Aku masuk ke dalam rumah untuk menyusul Ethan yang sudah tidak terlihat lagi batang hidungnya. Kemudian, aku cukup terkejut setelah melihat mommy yang duduk di sofa dengan koper dan beberapa barang miliknya yang terletak di sebelahnya.
“Mommy, mau kemana?” tanyaku yang tetap berdiri di ambang pintu dengan kedua bola mata yang membulat.
“Kiran, Mommy akan pindah rumah dan tidak akan tinggal di sini lagi,” jawab mommy sambil melihatku dengan raut wajah yang berantakan.
“Tidak, aku ingin kau tetap tinggal bersamaku, Adriani!” tolak Ethan yang tidak menyetujui mommy pergi dari rumahnya.
“Ethan, sekarang kau adalah menantuku. Aku tidak sanggup melihat kalian berdua jika tetap tinggal di rumah ini,” timpal mommy seraya bangkit dari duduknya.
“Tidak, Adriani! Aku tidak mengizinkanmu untuk pergi!” tegas Ethan seraya menghalangi jalan mommy untuk tidak pergi.
“Ethan, mulai sekarang aku adalah mertuamu. Kau tidak memiliki hak untuk mengaturku lagi!” Mommy menatap Ethan dengan tajam. Namun, aku dapat merasakan kesedihan yang begitu mendalam di hati mommy.
Ethan langsung terdiam mendengar ucapan mommy. Ia mengacak rambutnya frustasi dan mengalihkan pandangannya mencoba menahan air matanya. Aku berjalan menghampiri mommy dan memeluknya dengan erat. Aku tidak mau mommy pergi dari rumah ini, namun aku juga tidak mau melihat mommy terus bersedih jika setiap harus melihatku dan Ethan sebagai pasangan suami-istri.

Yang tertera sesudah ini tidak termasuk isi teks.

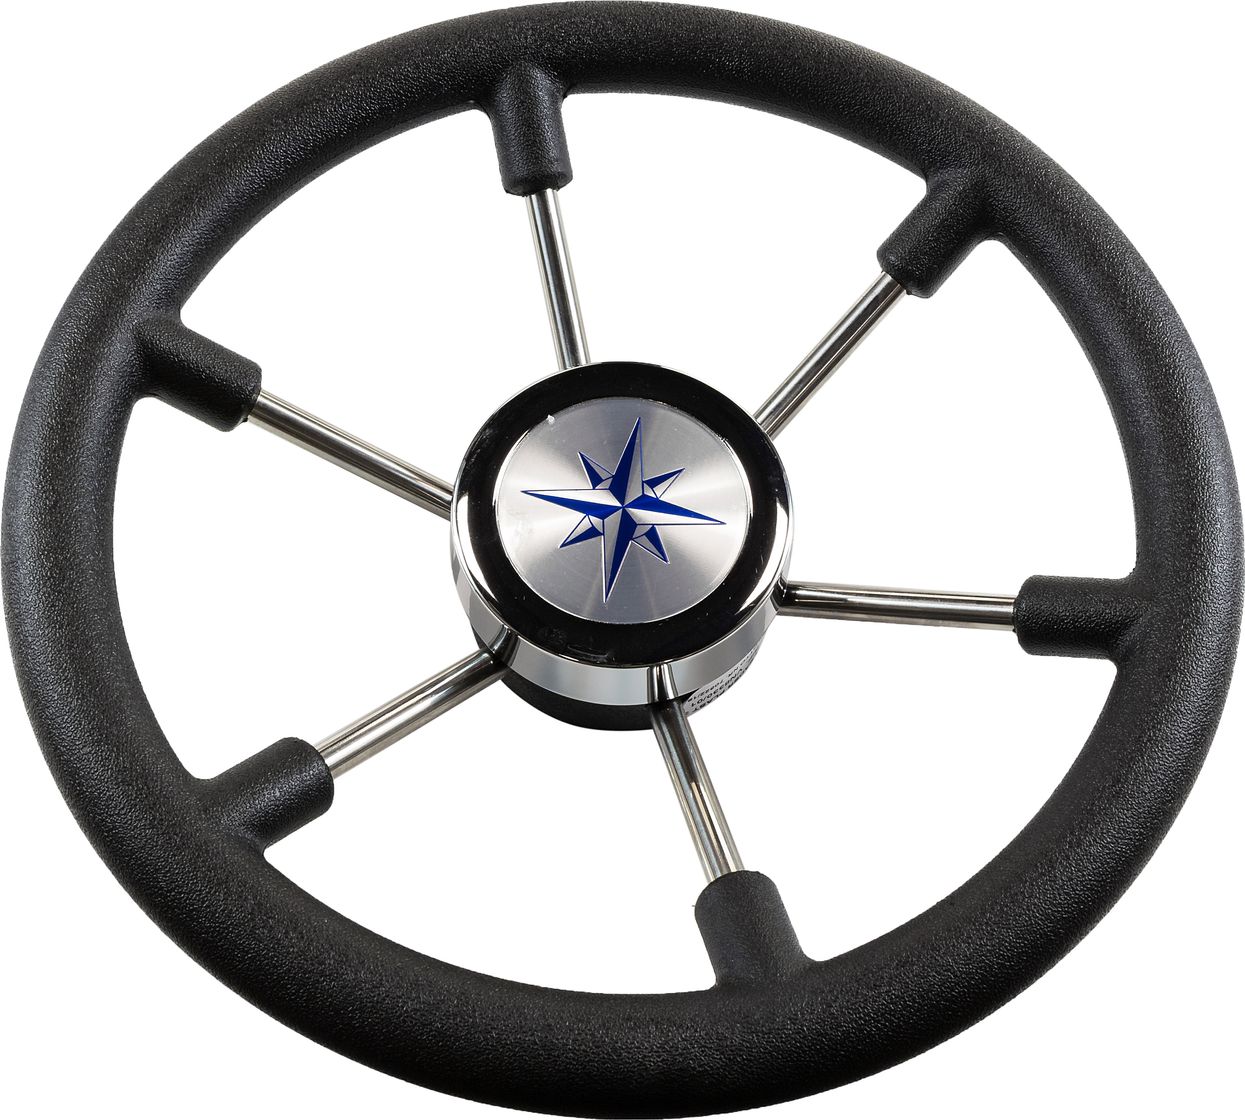 Рулевое колесо LEADER PLAST черный обод серебряные спицы д. 330 мм VN8330-01 рулевое колесо leader wood деревянный обод серебряные спицы д 360 мм vn7360 33

“Mom, kau yakin akan pergi?” tanyaku sambil melonggarkan pelukanku dan melihat ke arah mommy dengan tatapan sedih. Mommy hanya menjawab pertanyaanku dengan menganggukkan kepalanya yakin. “Mommy, akan pindah kemana?”
“Ada sebuah apartemen yang terletak tidak jauh dari sini. Kita tetap akan bisa bertemu jika kau mau,” jawab mommy sambil tersenyum kecut padaku.
“Aku tidak tahu harus mengatakan apa kepada Mommy. Hanya saja, jika ini yang terbaik untukmu aku tidak bisa mencegah lagi,” ucapku sambil terisak karena tidak sanggup lagi menahan air mataku.
“Terima kasih, Kiran sudah membiarkan Mommy pergi,” ucap mommy lalu mengalihkan pandangannya ke arah Ethan.
Terlihat Ethan yang menatap mommy dengan pandangan tidak rela. Beberapa kali Ethan menggelengkan kepalanya mencoba membujuk mommy untuk tidak pergi. Namun, keputusan mommy tampaknya sudah benar-benar bulat untuk pergi dari rumah ini.
“Ethan, aku berharap kau bisa menjaga Kiran selama hidupmu. Aku ingin, kau juga mencintai Kiran lebih dari kau mencintaiku. Aku berkata seperti ini karena aku mencintaimu lebih dari yang kau tahu. Aku mohon, untuk melakukannya demi aku,” ucap mommy dengan suara bergetar menahan tangis kembali.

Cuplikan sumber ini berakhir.